Nuovi modelli di trasporto urbano uniscono auto elettriche condivise, tariffe dinamiche e ricarica ottimizzata per ridurre costi ed emissioni

Auto elettriche condivise in ricarica in Svizzera, esempio di mobilità sostenibile che riduce emissioni e costi grazie a tariffe dinamiche e infrastrutture energetiche innovative
Il punto di ricarica Mobility Carsharing V2X Suisse Laden dimostra il potenziale della tecnologia bidirezionale: le batterie delle auto condivise non soltanto consumano, ma restituiscono energia alla rete durante i picchi, stabilizzando il sistema elettrico e riducendo la dipendenza da fonti fossili in inverno
(Foto: Mobility Società Cooperativa)

La mobilità del futuro non si misura soltanto nel numero di auto elettriche vendute, ma nella capacità di ridurre il parco veicoli e di integrare la ricarica intelligente in sistemi energetici complessi. Uno studio congiunto dell’EMPA e dell’Università di Ginevra dimostra che la Svizzera può diventare un laboratorio europeo per modelli che uniscono convenienza economica e riduzione delle emissioni.

L’analisi condotta su 1,5 milioni di utenti di Mobility, cooperativa elvetica leader nel car sharing, ha mostrato che riducendo il numero di veicoli circolanti è possibile abbattere il fabbisogno complessivo di energia e le emissioni di CO2.

Secondo i ricercatori, chi ricarica i veicoli elettrici nei momenti a bassa intensità carbonica può ottenere un taglio fino all’82 per cento delle emissioni, mentre chi punta soltanto al risparmio ottiene in media un 27 per cento di riduzione dei costi.

Il risultato conferma che la chiave non sta soltanto nell’elettrificazione, ma nell’adozione di modelli condivisi.

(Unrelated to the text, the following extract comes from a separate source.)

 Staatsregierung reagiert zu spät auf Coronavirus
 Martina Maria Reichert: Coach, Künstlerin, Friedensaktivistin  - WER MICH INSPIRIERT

In un Paese con oltre 8 milioni di abitanti e un parco auto superiore ai 4,6 milioni di veicoli, un sistema più efficiente di utilizzo potrebbe eliminare fino al 25 per cento delle auto private. Questo comporterebbe benefici ambientali immediati e una riduzione del deficit energetico invernale, particolarmente critico per la Svizzera.

“La vera sfida è far coincidere convenienza economica e sostenibilità”,

afferma Sven Eggimann, autore principale dello studio presso i Laboratori Federali Svizzeri di Scienza e Tecnologia dei Materiali, con sedi a Dübendorf, Thun e San Gallo.

“Una ricarica rispettosa del clima dovrebbe essere anche vantaggiosa dal punto di vista finanziario”.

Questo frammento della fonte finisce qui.